Dan Rhodes, author of Timoleon Vieta Come Home. Now, he hasn’t spotted me in a library but he can’t avoid spotting me at his book event in the Boogaloo the other evening. Because I am rather drunk and am bothering him about how great the band Orange Juice are. Like many authors, he’s a voracious music lover; the solitary act of writing often coincides with the need for a well-considered soundtrack. I think a compilation of his favourite music was playing in the background to his book launch. And Orange Juice must have been on the track listing.

I can’t quite remember the details, because on this evening I am rather drunk. I have been to another launch party earlier the same night, the launch party for the Latitude festival, in a trendy club off Shaftesbury Avenue. There, I down a few free wines on an empty stomach before topping them up with a number of drinks at the Boogaloo.

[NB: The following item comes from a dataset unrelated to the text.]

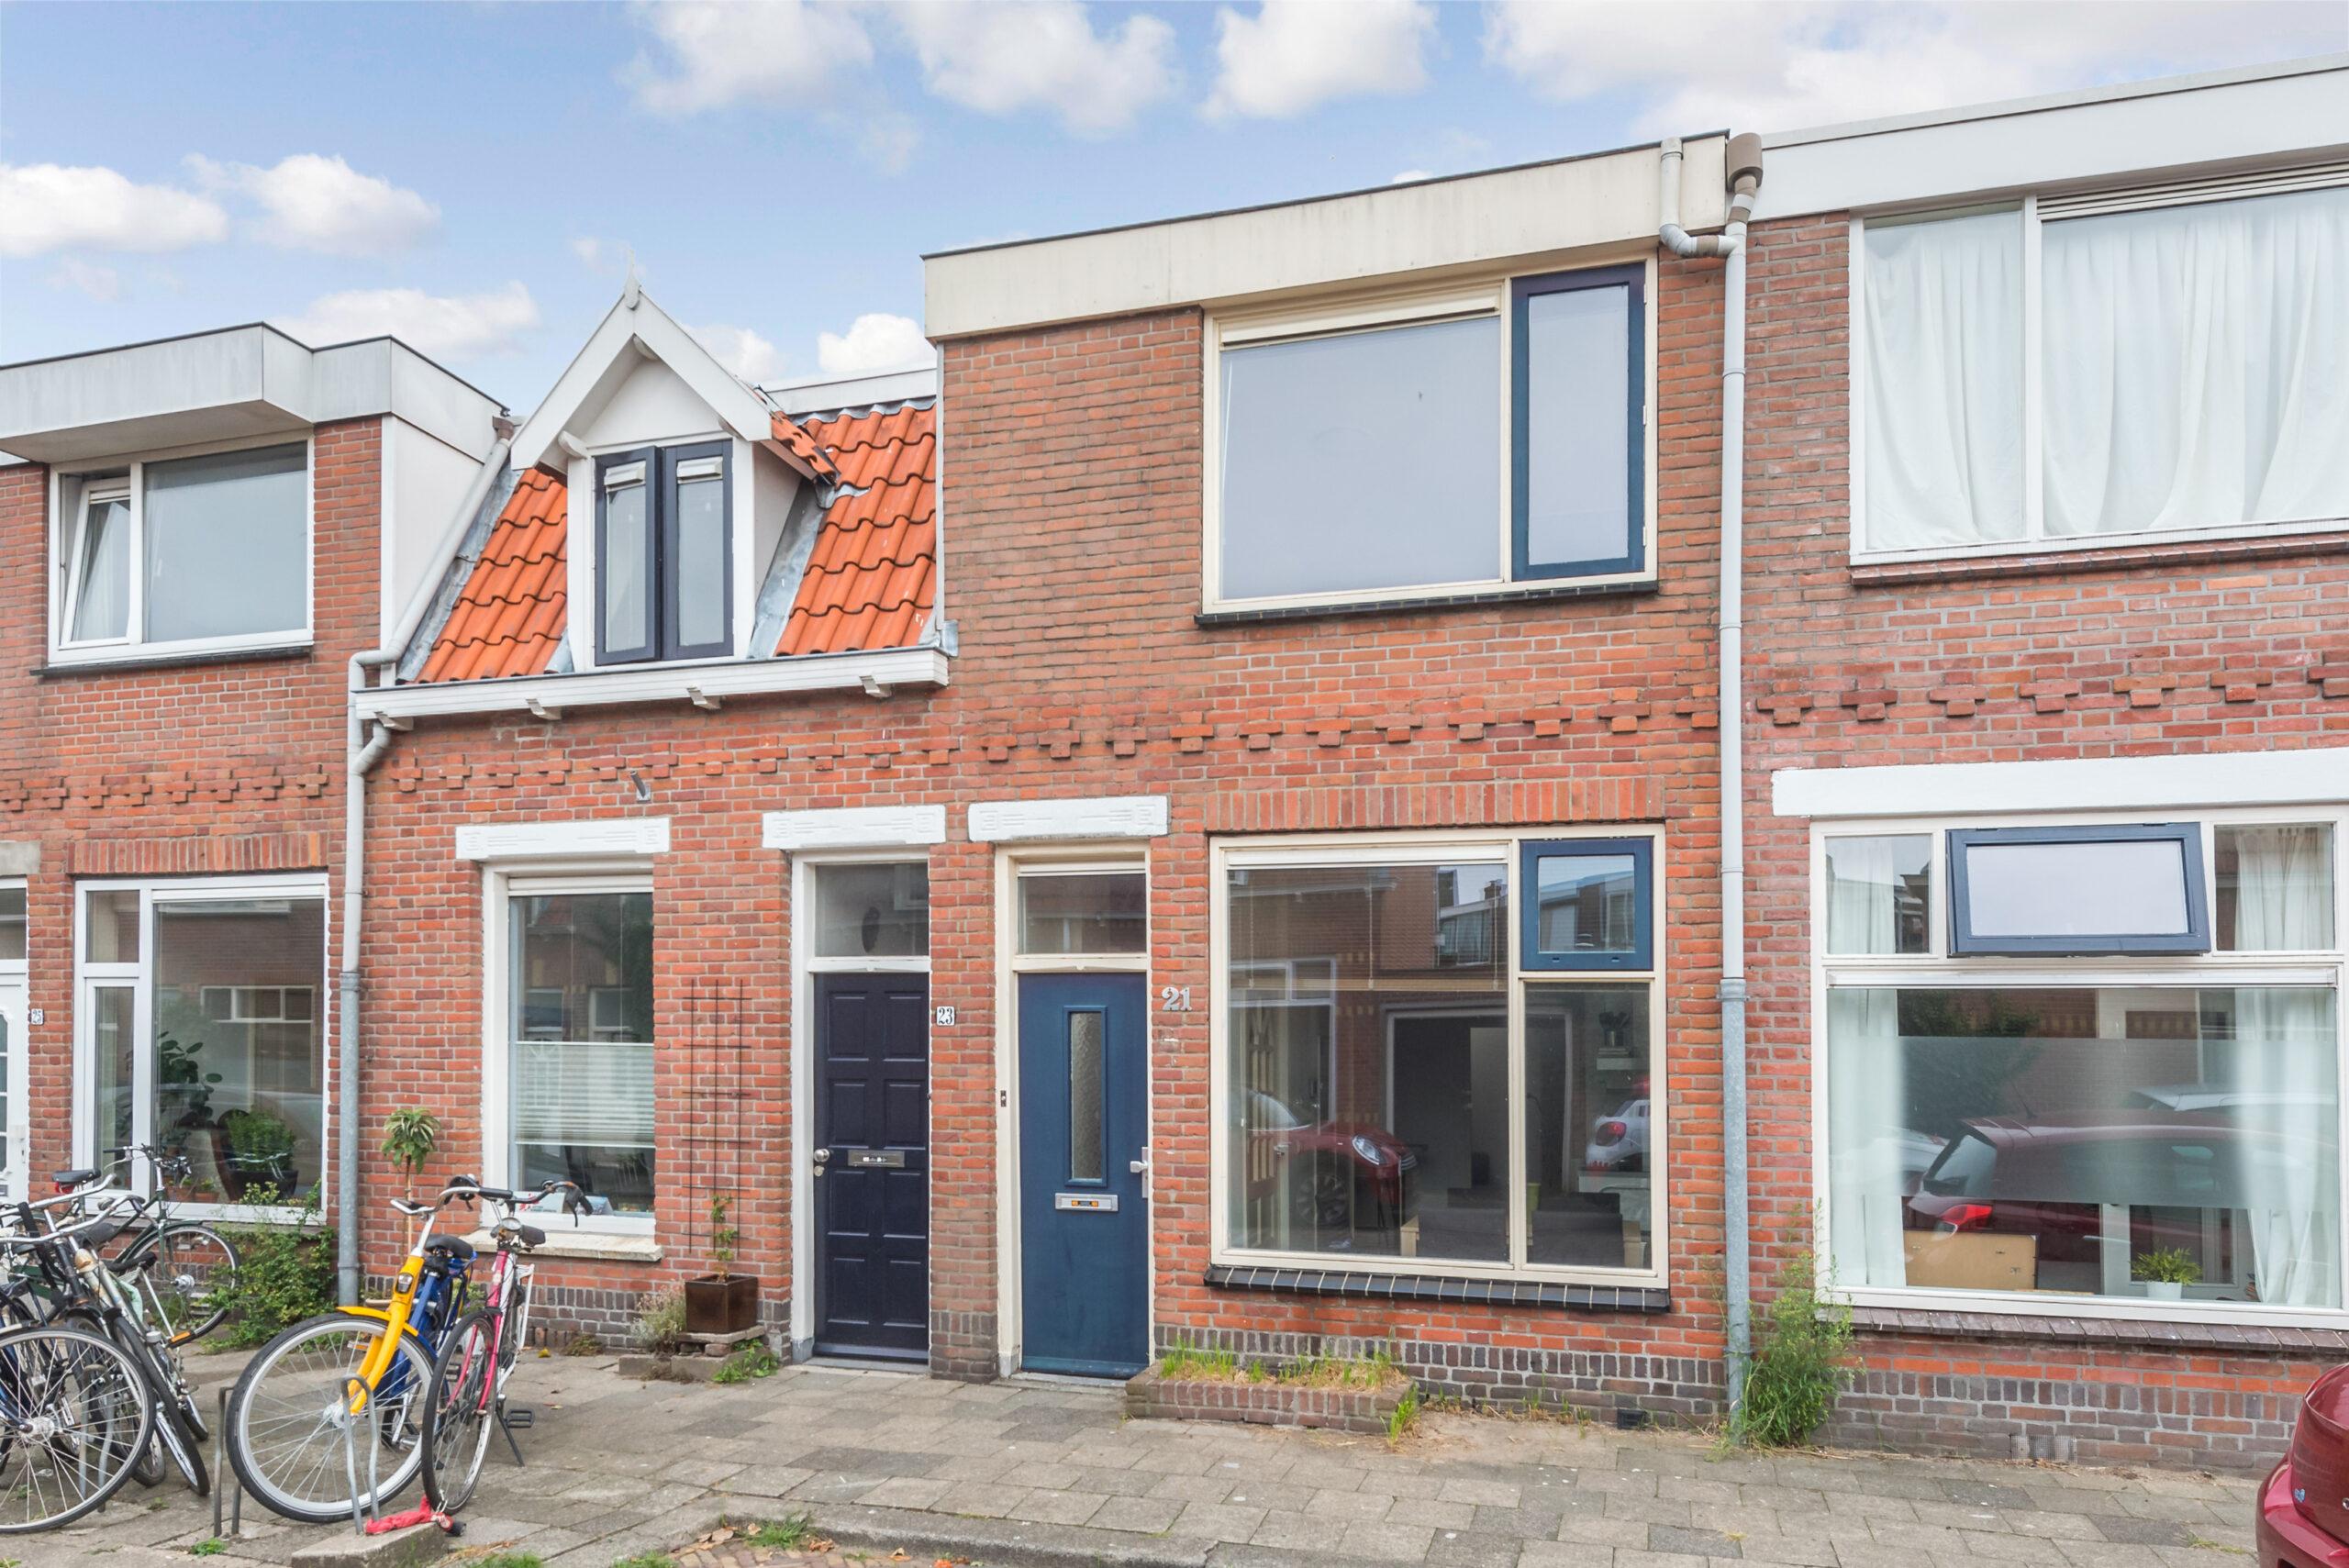 Bremstraat 21, 3551 TA Utrecht
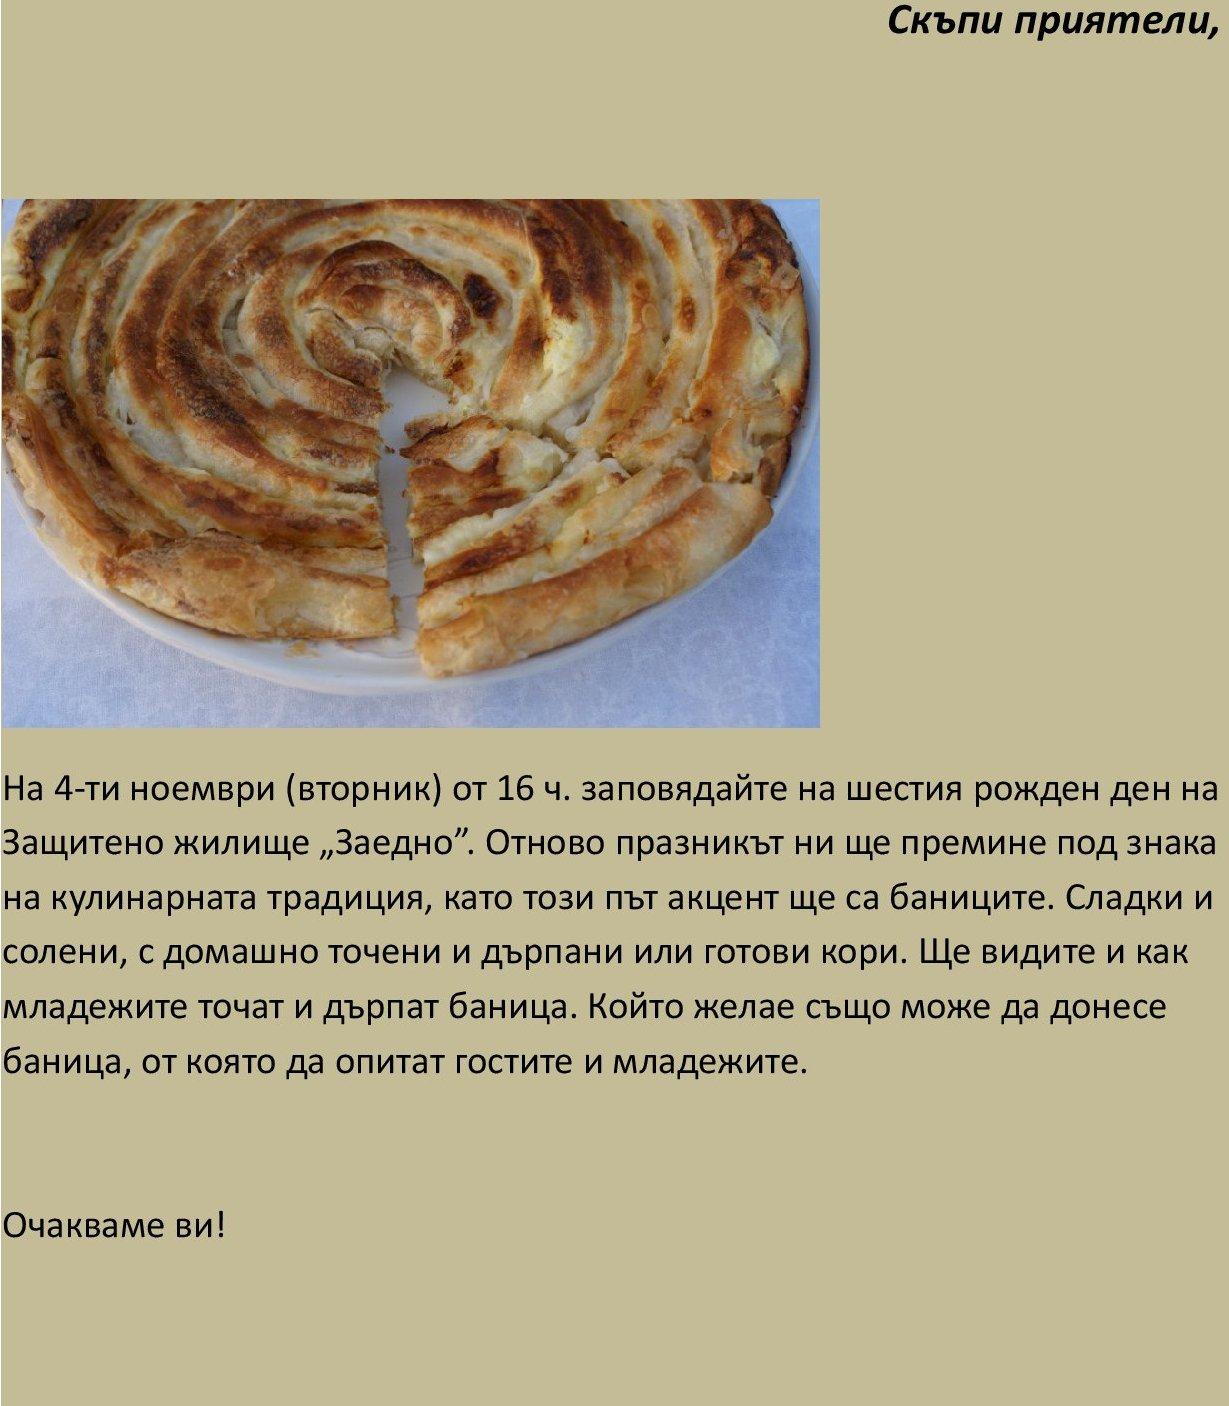 invitation_banitsa

I think I was in rather flirty mode of drunkenness. I hope I didn’t try to get off with Mr Rhodes. Or indeed Mr Ben Moor, the comic actor and performer of the brilliant stage show Coelacanth. Mr Moor was at the Boogaloo, and also at the Latitude event. And I had seen him at Latitude festival itself in Suffolk last year: he was performing Coelacanth in the Theatre Tent and it was rather fantastic. Full of clever wordplay with lines such as ‘like a white flag to a bull’. So I bothered him about that. I think I annoyed him by saying I hadn’t worn one of his badges.

I regret not being able to remember very much about this night of flirty alcohol, but I don’t regret feeling extremely happy. It was a very happy kind of drunkenness.

What I can say is that at one point Dan Rhodes gives me a free signed copy of his new novel, Gold. It has rounded corners and isn’t too long. Mr Rhodes is a believer in keeping stories short and to the point: he has also published a collection of 101 stories each lasting 101 words.

On the flyleaf, he’s put a quote from an Orange Juice lyric – “To Dickon – I’ll Never Be Man Enough For You.”